Quelles que soient les changements d'attitudes entre Orient et Occident , une étroite interdépendance culturelle demeurait toujours entre le Maghreb - L'Espagne et l'Afrique du nord - et le reste du monde musulman. La langue littéraire resta presque la même en Occident et en Orient. Mais l'Espagne musulmane a prit un soin particulier a acquérir l'arabe dans la forme pure développée en Orient.

En outre, l'arabe a servi de moyen de transmission des légendes gréco-arabe vers l'Occident par la traduction de livres arabes en latin, espagnol ou français. L'Espagne et la Sicile ont fait le lien entre l'Orient et l'Occident dans l'osmose culturel qui a eu une énorme influence sur la pensée occidentale. Le processus de traduction a commencé au XIe siècle et s'est intensifié par la suite. La ville de Tolède occupe la place d'honneur dans la transmission de la culture arabe en Europe. Des dirigeants chrétiens, comme Alfonso VII (1125-57) et ses successeurs ont donné une impulsion à cette activité, grâce à l'initiative de Raymond, archevêque de Tolède (mort en 1151). Raymond a recruté un groupe de traducteurs de Tolède, créant ainsi une institution à l'image du Bayt al-Hikmah (La Maison de la sagesse), établi par le calife Al-Mamoun à Bagdad au IXe siècle. C'est dans cette école et dans d'autres centres que toutes sortes de livres en arabe sur les mathématiques, l'astronomie, la médecine, l'alchimie, la physique, sciences naturelles, et la philosophie ont été traduits en Latin.
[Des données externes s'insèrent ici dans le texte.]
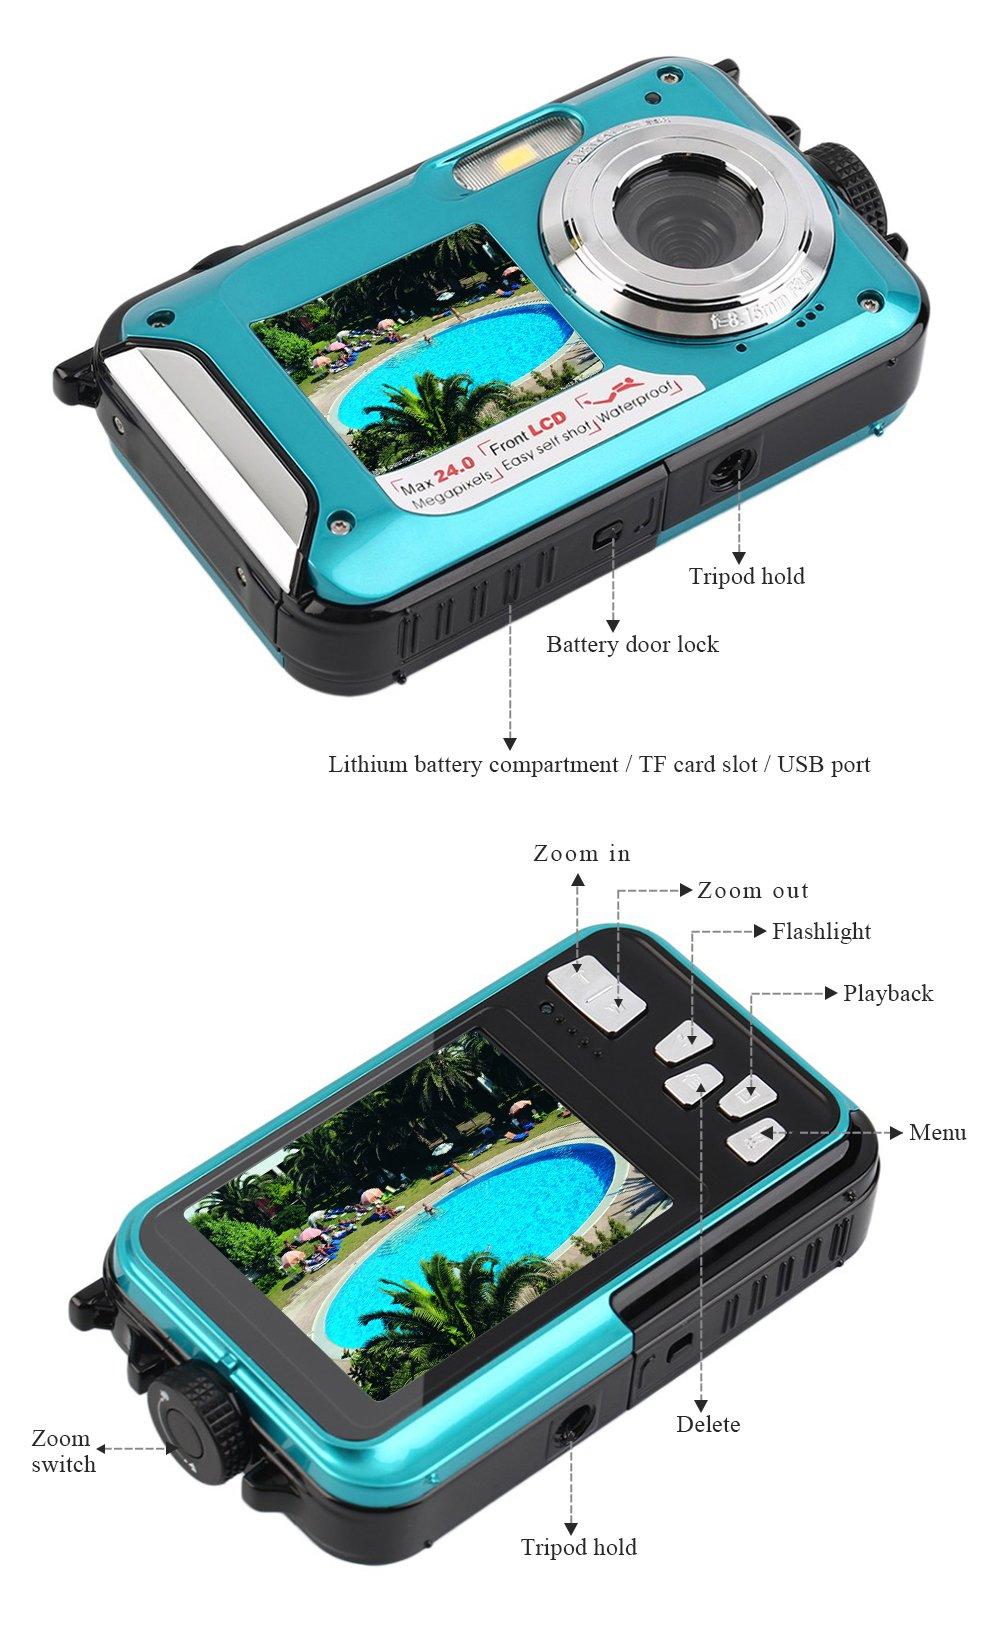 YISENCE Waterproof Digital Camera 24MP Underwater Camcorder Video Recorder FULL HD 1080P Selfie Dual Screen DV Recording … (C8) by YISENCE (Image #5)

En tant que dépositaire des diverses sciences, l'arabe influenca l'espagnol avec laquelle il avait été dans un long et étroit contact. Une foule d'expressions ont été intégrés dans la langue espagnole, parmi elles "Ojala" (In cha Allah) et "Usted "(ustâdh, à l'origine persan), ainsi que des mots concernés par les affaires militaires, l'administration, le commerce, l'industrie, la production, la médication, l'art, l'architecture, et l'agriculture.


* Irab : Déclinaison de la finale des mots (voir la science de la syntaxe).